# lastest sound card drivers



## .AngelOfDeath17. (Aug 27, 2004)

how do i get the lastest sound card drivers can any one tell me plz?


----------



## nrclptcnsmniak (Aug 27, 2004)

just go to the site of the company u got it from. if not u can try driversguide.com. but be careful cuz some of the stuff they have listed might not be the right thing.  usually its easiest to look for .exe files.  the user name is "drivers" the password is "all" but u can create a new account with them if u want.  they used to have all users just sign in with that sn and pass.


----------



## daneadane (Aug 28, 2004)

what if i dont know my sound card manufactuer and if when u goto device manager under other devies there is a question mark and it says audio device but it cannot install


----------



## Praetor (Aug 28, 2004)

Then you open up the computer and look at (a) the soundcard if you have one or (b) the make of the mobo (if its onboard)


----------



## daneadane (Aug 28, 2004)

it says msi agp 8x... ok where can i get drivers?


----------



## Praetor (Aug 28, 2004)

> it says msi agp 8x... ok where can I get drivers?
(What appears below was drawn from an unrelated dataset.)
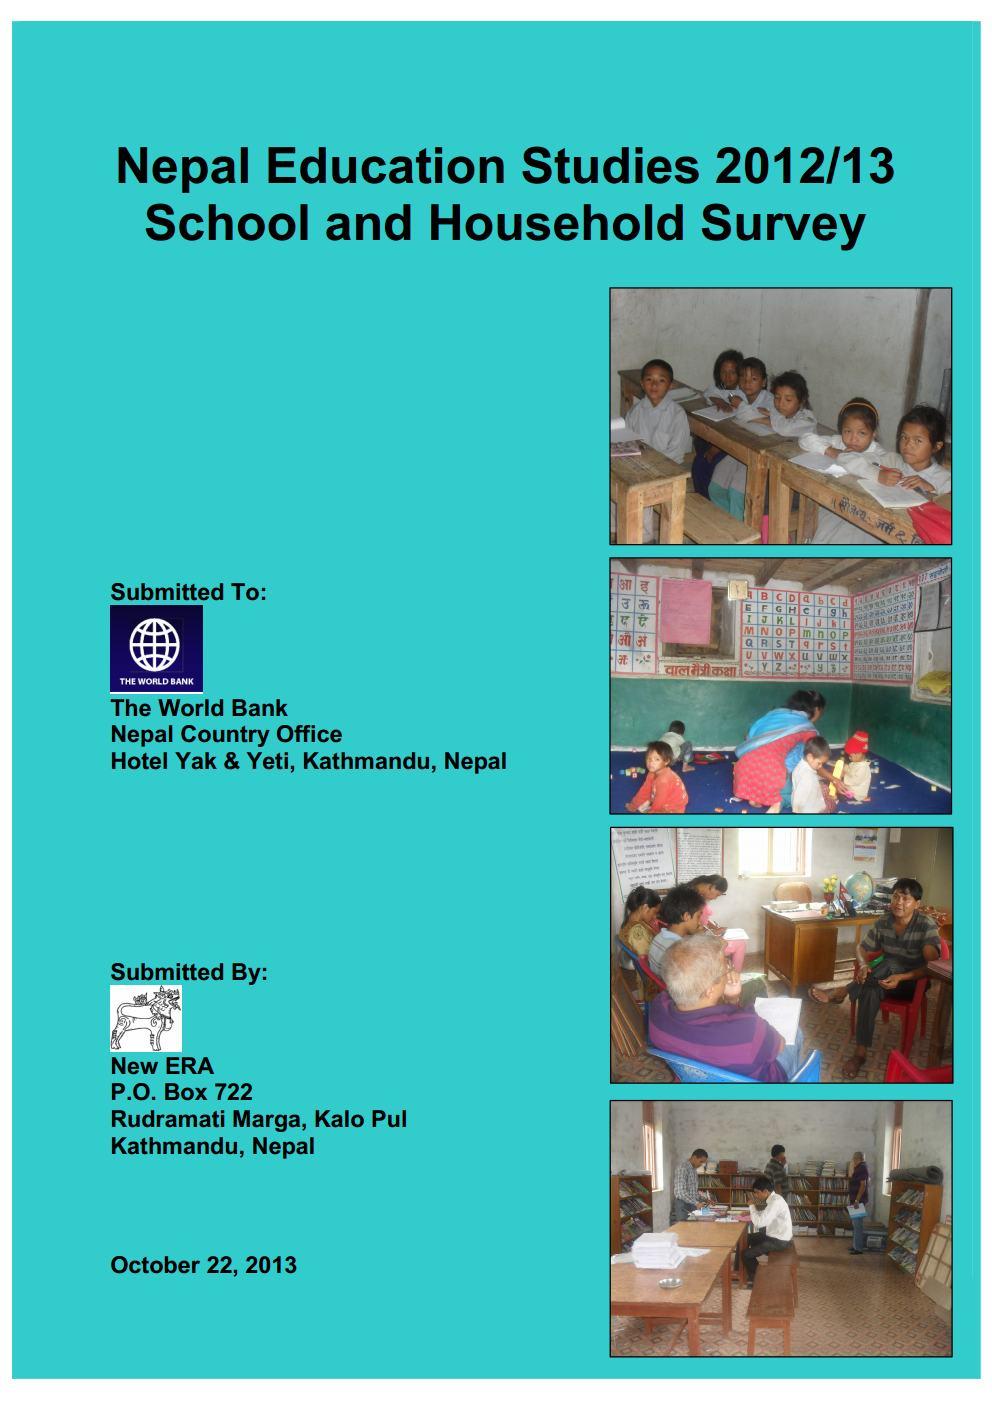 Nepal Education Studies 2012/13 – School and Household Surveys

Maybe i wasnt explicitly clear, you need to find the make and model of the motherboard -- that is, if you have onboard sound to start with


----------



## daneadane (Aug 29, 2004)

its msi how do i find the model it says kt4v and kt400 on the box is that it?


----------



## daneadane (Aug 29, 2004)

???? anyone know????


----------



## Praetor (Aug 30, 2004)

You'll want the Realtek ALC drivers from here: http://www.msi.com.tw/program/support/driver/dvr/spt_dvr_list.php?part=1&kind=3&CHIP=3&ID=1



> ???? anyone know????


We're not here at your beck and call


----------